To me, Maurice is Jean Valjean, the hero of Les Miserables. In France’s darkest time, a good man with a good name was reduced to #24601. Like Maurice, he did commit the crime. Like Maurice, he was not a criminal. Valjean stole bread to feed his family. Maurice urinated outside the lines because…well, artists don’t usually unmask their muse, but we know he had a good reason.

Guilt galloped after Jean Valjean all his life, but grace ran faster. “Inappropriate elimination” may scruff Maurice’s record, but grace has the stronger grip. I say this with confidence, because we are in Paris.

Like many 42-year-old little girls who have never crossed the Atlantic, I am infatuated with Paris. My desk at Tabby’s Place abounds in Eiffel Towers. I walk along the Delaware and pretend it is the Seine. I remember exactly eight words from high school French, and I speak them to the cats. I do not know what it means when they respond “quelle moron,” but if memory serves, they are telling me I am lovely.

Paris, it turns out, is Tabby’s Place.

I have been talking to Maurice about Paris, because we have both been convicted of crimes. I have been talking to Maurice about Paris, because we are both in need of a cathedral.

At Tabby’s Place, Maurice has been magnifique in matters pertaining to le bac à litière. History is not destiny, and he is doing his doings like a veritable gentilhomme.
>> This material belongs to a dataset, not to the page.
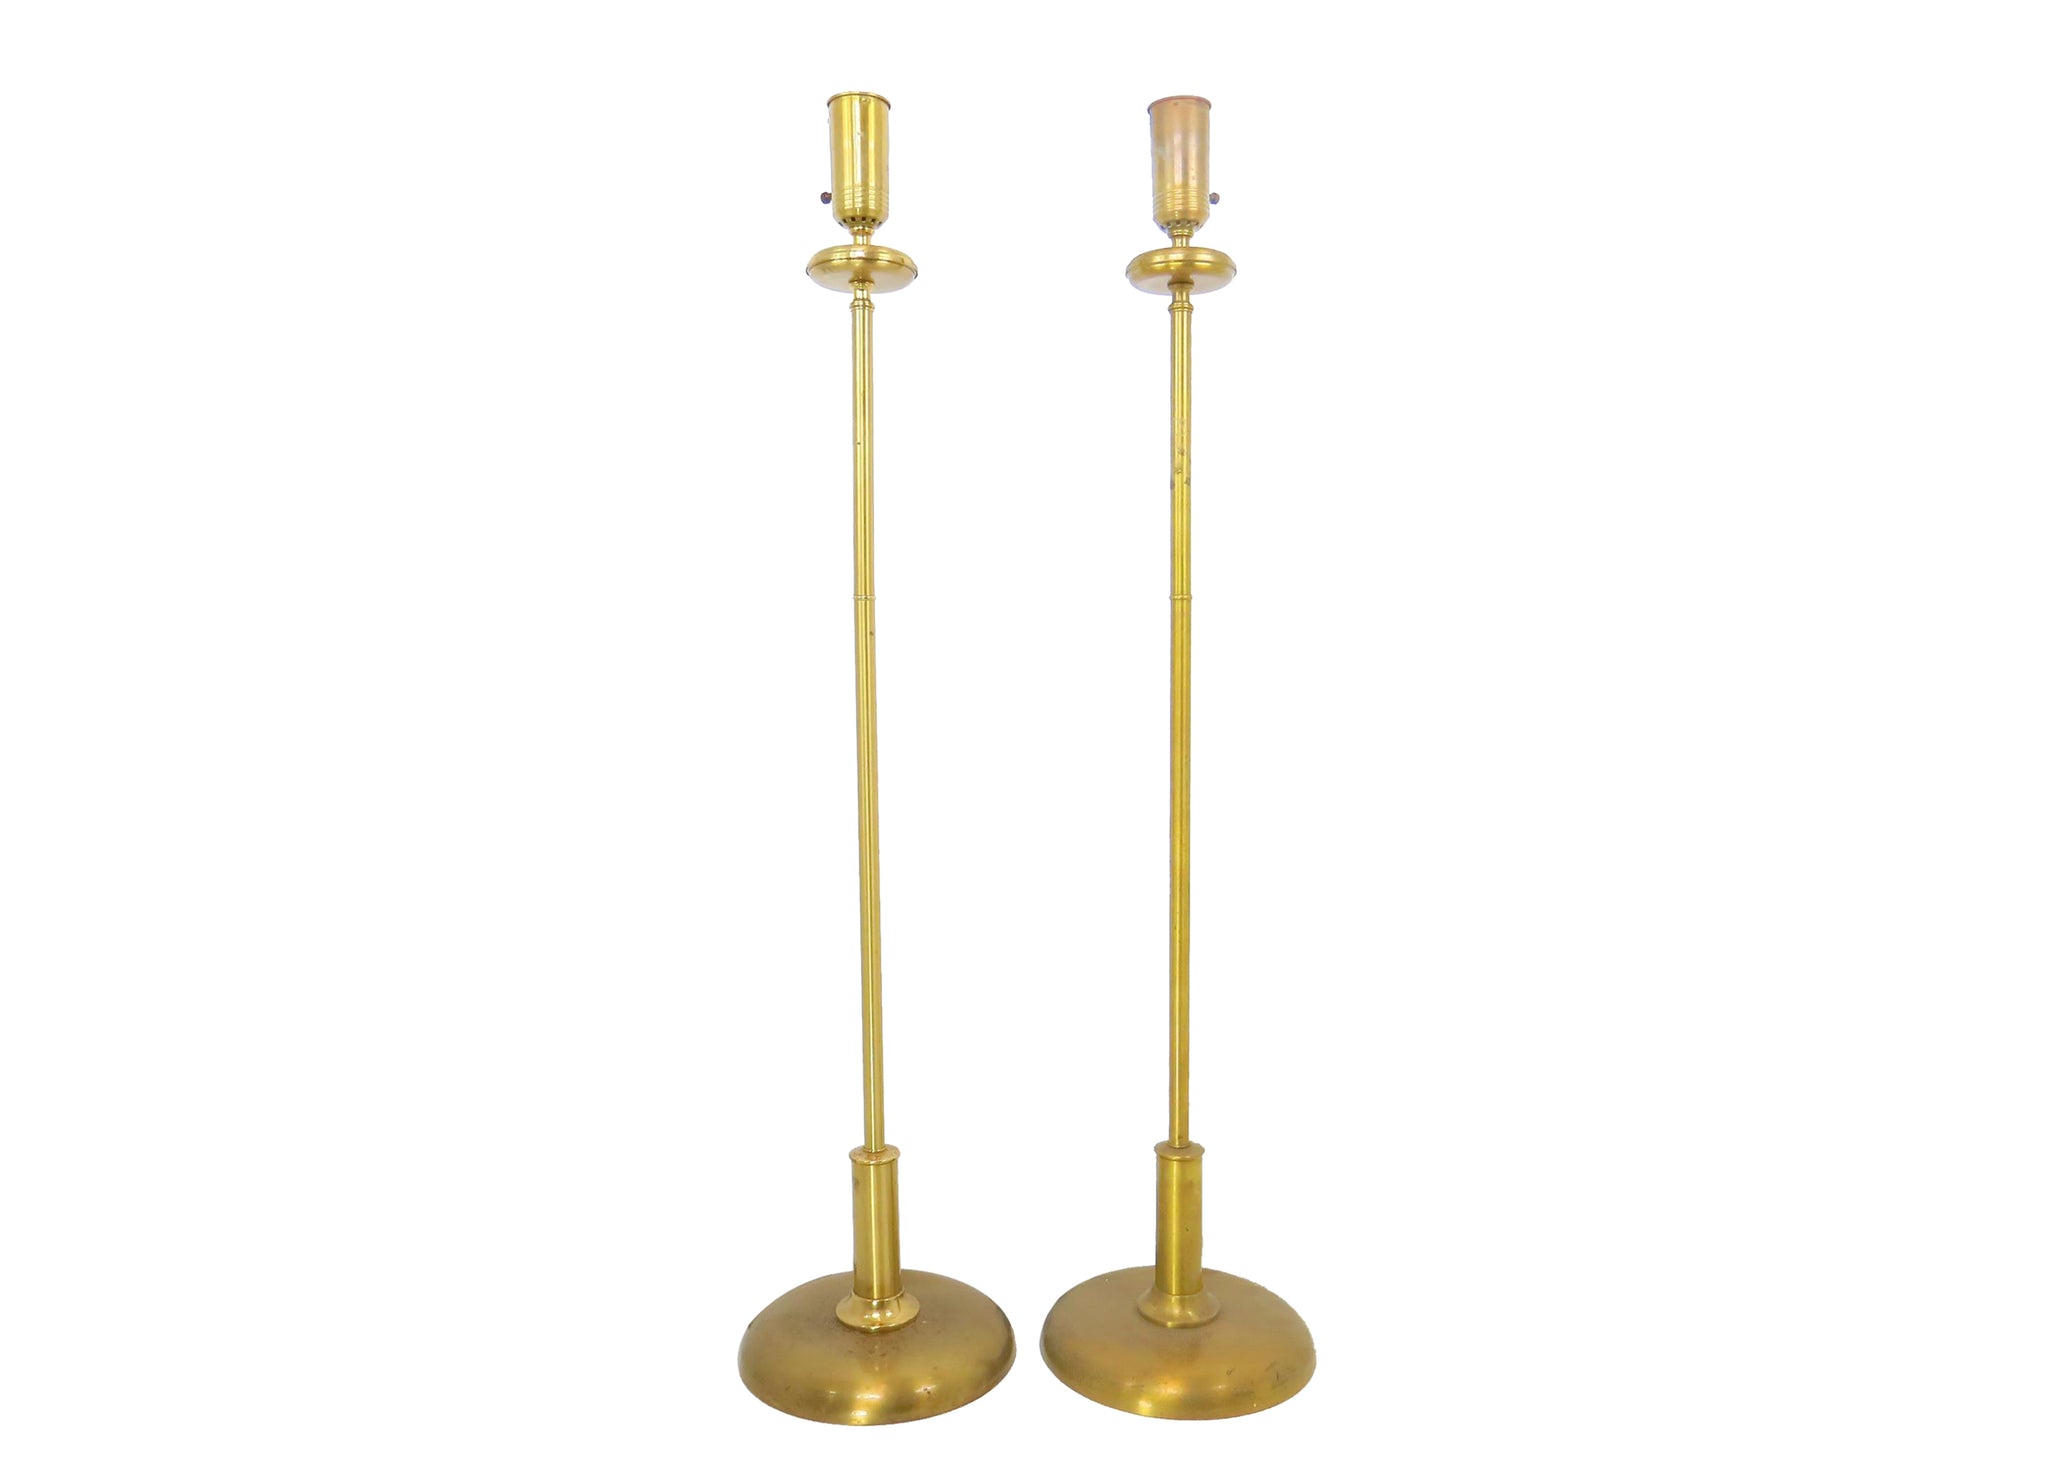 edgebrookhouse - Vintage 1940s Art Deco Solid Brass Floor Lamp Torcheres - a Pair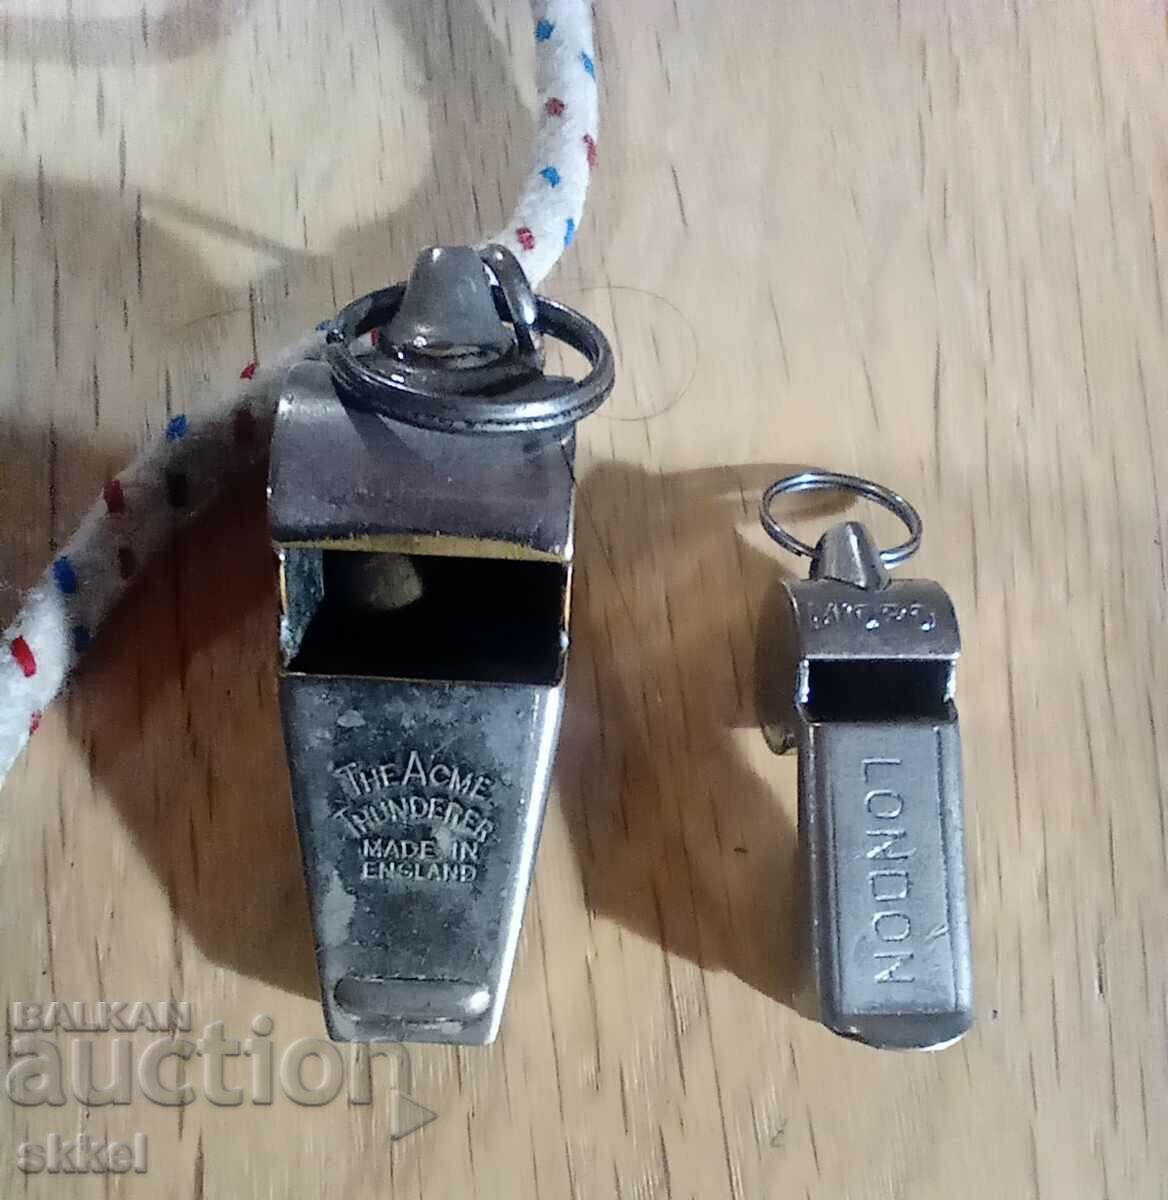 Football referee whistle official 2 pieces 1960s

Perhaps those “creative” days are done. He is, after all, quite occupied with his latest chef-d’œuvre, the ancient art of loving well, the art at which we are all eternal infants and amateurs.

But at Tabby’s Place, Maurice shall be magnifique if he regresses to l’enfant terrible. At Tabby’s Place, Maurice is magnifique because he is a baby, our baby, as innocent as the love that runs laps around our worst lapses.

You have your Paris. It may be Prague or Cincinnati or a place that is no place in particular. It is an emblem. It is your personal geography of grace. It is the land where the lights on the river remind you that you cannot cease to be safe.

It is what we are going for at Tabby’s Place.

J’adore, Maurice. Matter of fact, you having us all singing of the pompatus of love.